I bought a rubber mallet to mash my seams down lol

patricej 09-01-2018 04:21 AM

i don't throw things away just because they are not turning out to be something i enjoy looking at.
i learned a long time ago that beauty is, indeed, in the eye of the beholder.
but i am not going to waste my time on something that has gone completely wrong in terms of construction and cannot be fixed, or that is irreparably damaged in some other way.
i am also not going to foist something that might fall apart or cannot be cleaned on somebody and then call it "charity."

trash is trash.
there's a place for it.
and that place is not the donation bin.

bearisgray 09-01-2018 04:40 AM


Originally Posted by PatriceJ (Post 8119550)
. . . .

trash is trash.
there's a place for it.
and that place is not the donation bin.

I still have a hard time throwing away things I've started that I've gotten stuck on.

However, I have gotten much better at not trying to salvage/rescue someone else's problem/discard.

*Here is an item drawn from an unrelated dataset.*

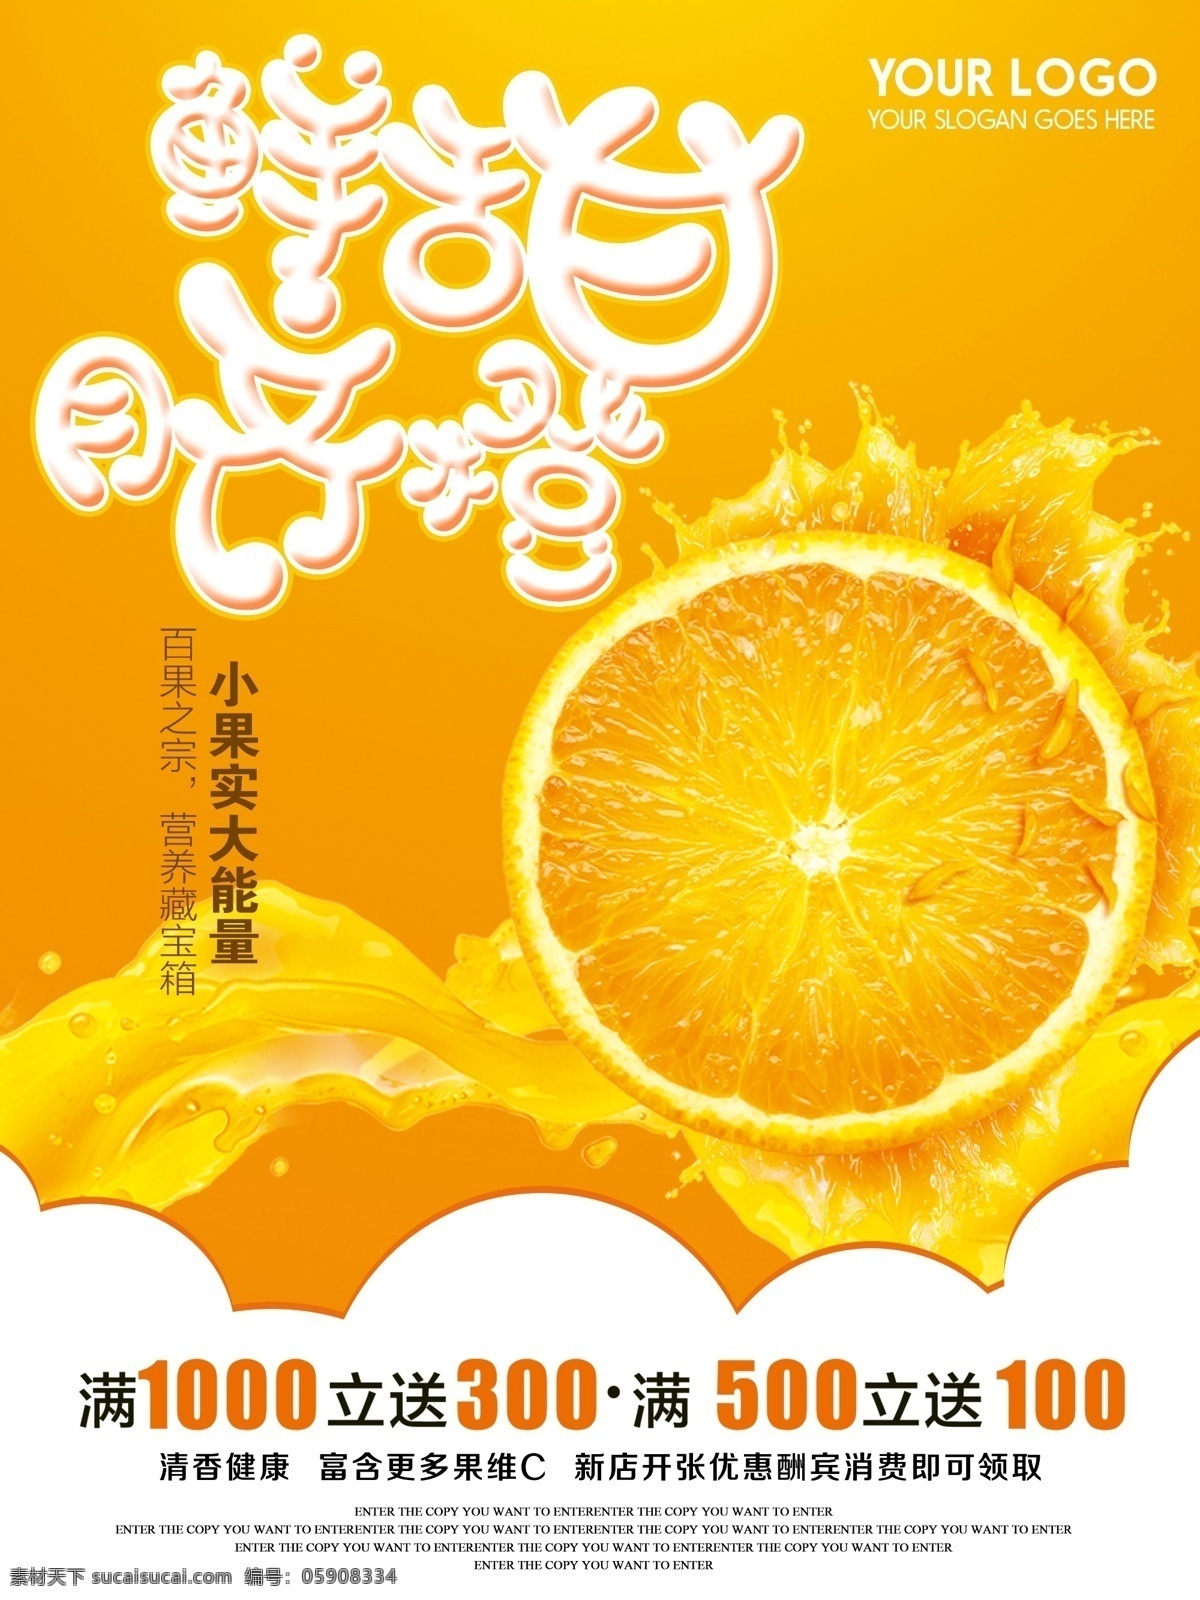 鲜甜 脐橙 新店 开张 促销 商业 海报 水果 新店开张

quilterpurpledog 09-01-2018 04:52 AM

I have never thrown one away outright (I know I should have). I have a few in the closet-you know, UFO. I have taken a couple to guild meetings and put them on the bring and take table or have made a few potholders or pan separators.

Austinite 09-01-2018 07:07 AM

I threw out fabric once that I'd bought when I wasn't feeling 100 percent, a few days later I looked at it and the weave was awful and it was a ten mile trip to return it so I just tossed it. that cost me 30 bucks :(

Learned not to go shopping after work when I'm exhausted and not feeling well and it's not saving me time if I end up with bad quality.

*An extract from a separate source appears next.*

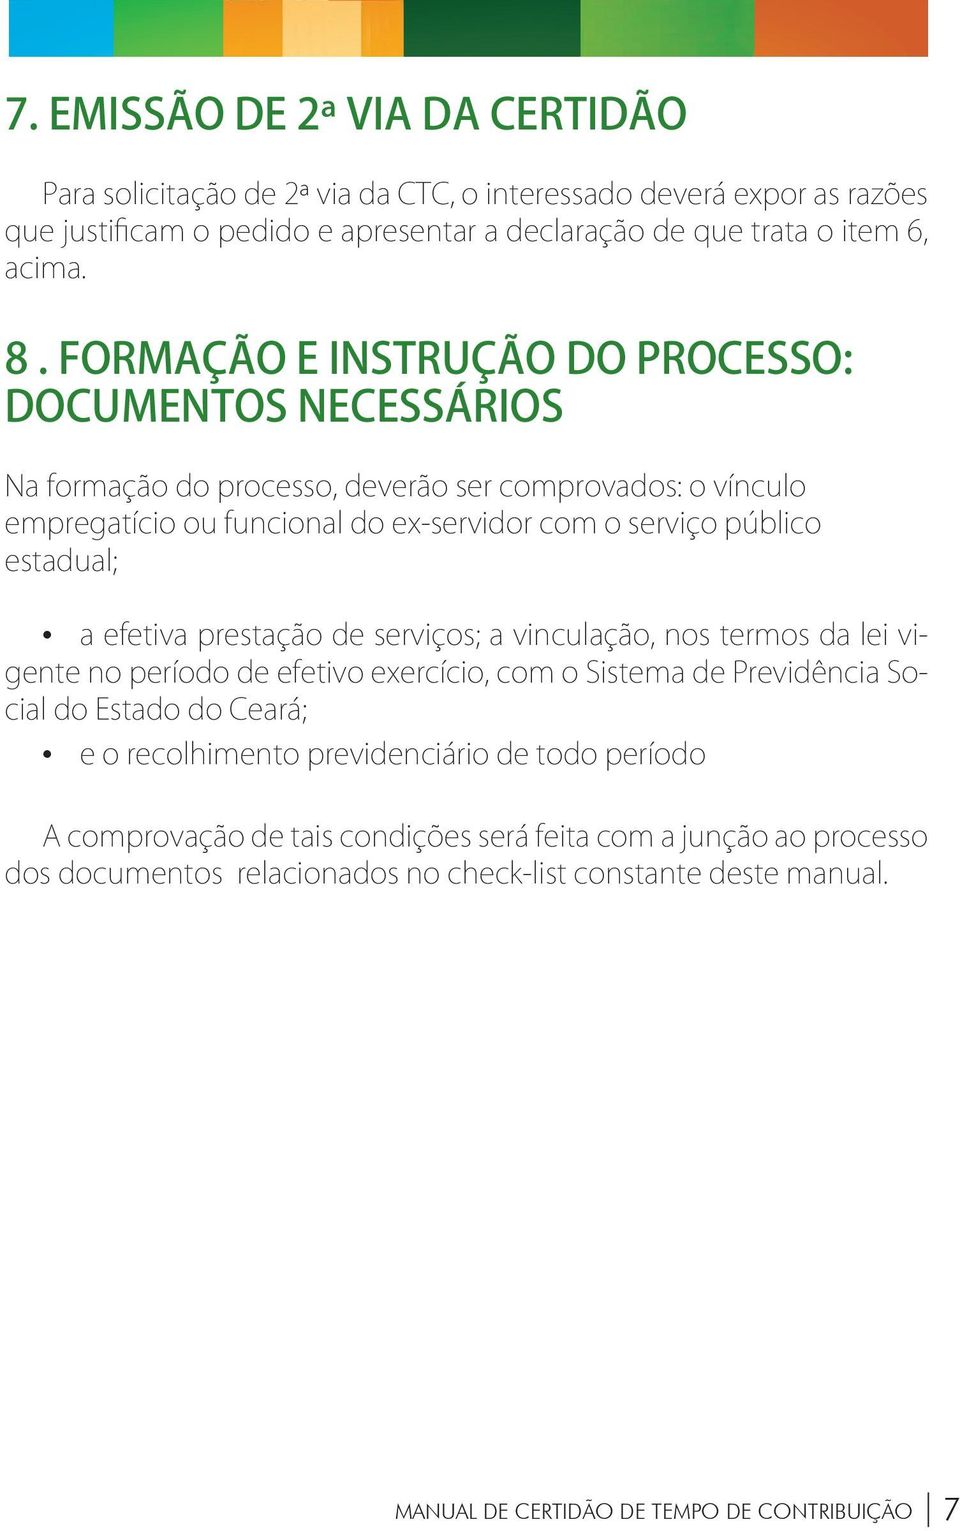 efetiva prestação de serviços; a vinculação, nos termos da lei vigente no período de efetivo exercício, com o Sistema de Previdência Social do Estado do Ceará; e o recolhimento previdenciário

Onebyone 09-01-2018 07:24 AM

A bad UFO is like spilled milk to me.

Irishrose2 09-01-2018 07:43 AM

I'd like to pitch the UFO of my SIL's that I am finishing. She must have been ill when she did this one. Seams don't match. HSTs and 4 patches aren't the same size. I love the pattern - Jacob's Ladder, but not the color or the work it's turning out to be. I had planned to use it as one side of a two sided baby quilt, but the colors aren't going to work. I dislike quitting, so I will probably keep at until my shoulder heals enough so I can quilt a king size quilt that's waiting. I don't throw anything usable away. Someone will want it. I just gave yards of my SIL's fabrics to Salvation Army and my church's quilt group.

luvstoquilt301 09-01-2018 08:04 AM

I have no trouble tossing something that is not fun. We have dumpsters around here that recycle fabric into rags.

mac 09-01-2018 08:17 AM

I can't imagine throwing away any project. It just isn't in my cheap nature to do that. I either keep it until I can fix it right or I make it into another project (like a tote bag, pot holder/s, placemats, or cut it into other pieces and use it in a scrap quilt, etc.). Sometimes it just sits in my old project box, gathering dust. When I finally can't stand it anymore, I give it away.

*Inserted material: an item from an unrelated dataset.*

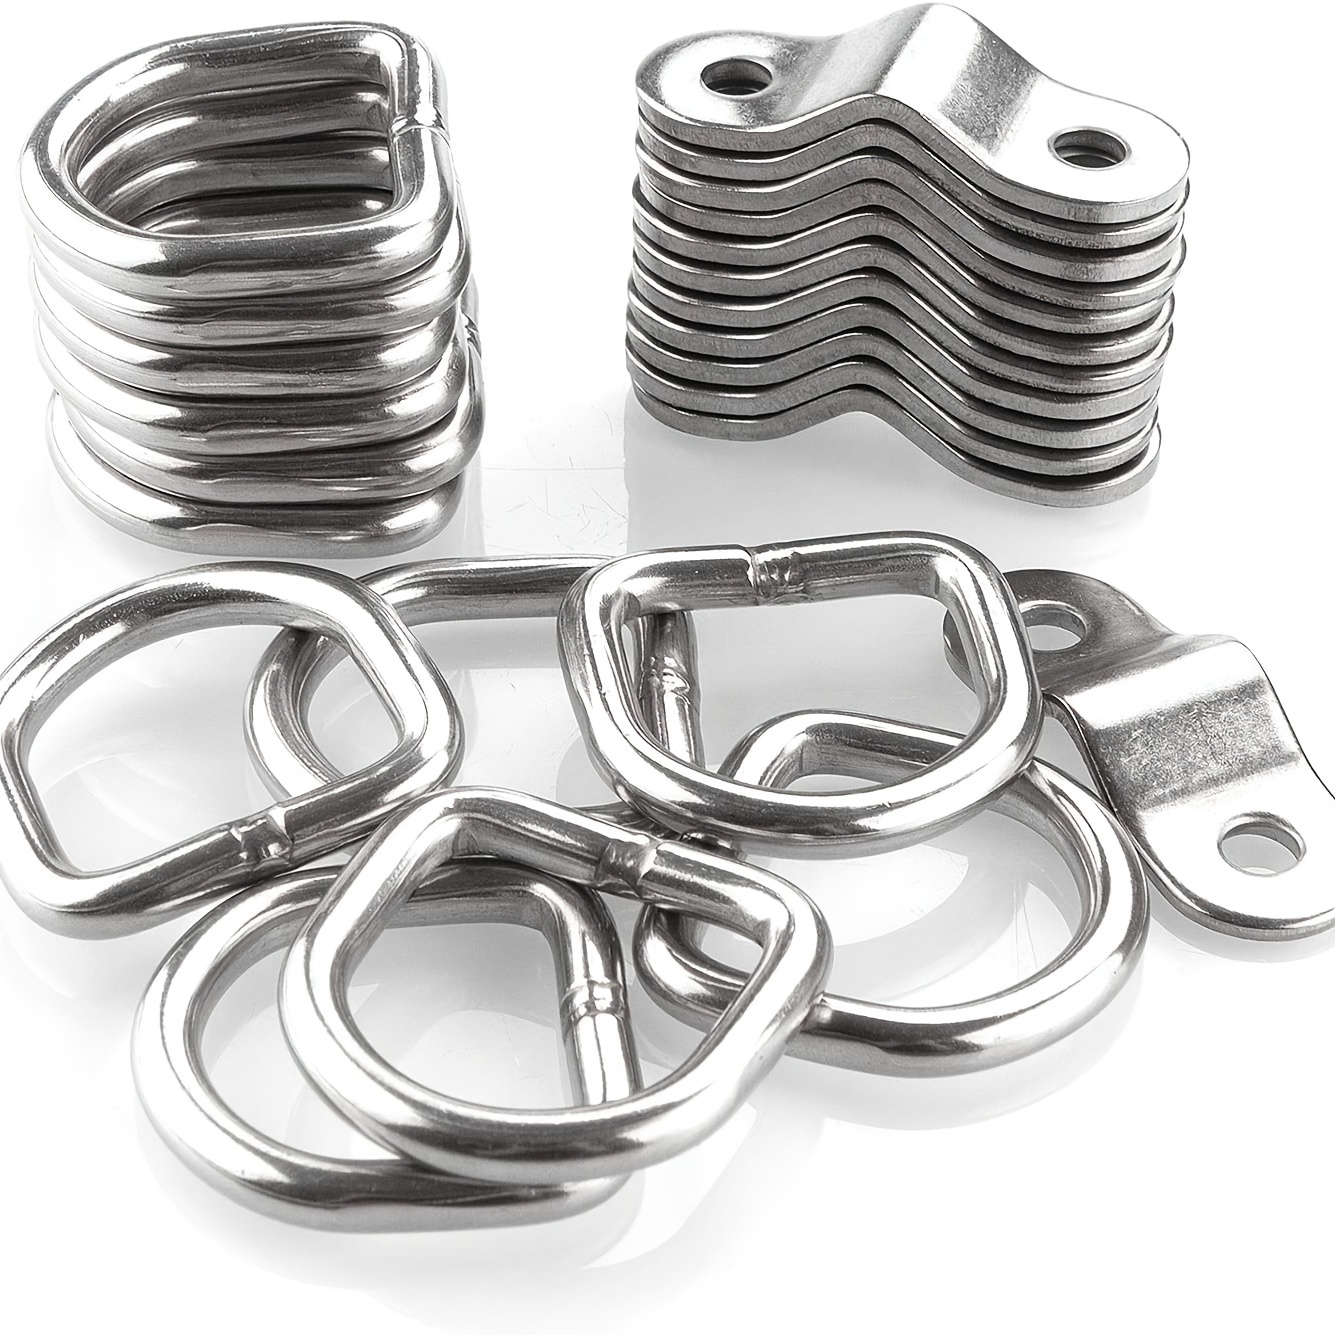 Standard Metal D-Rings in Nickel Plated Steel

That reminds me of a sewing group I belonged to for about twenty years. There was a lady who used to send her, "I can't stand it anymore" projects anonymously to another sewing person. It took a while to figure out who was doing it, but then she was finally unveiled when she sent her macaroni project that she was making for her child in school to another mother who had a child in the same class as her child. We were in stitches for years remembering that.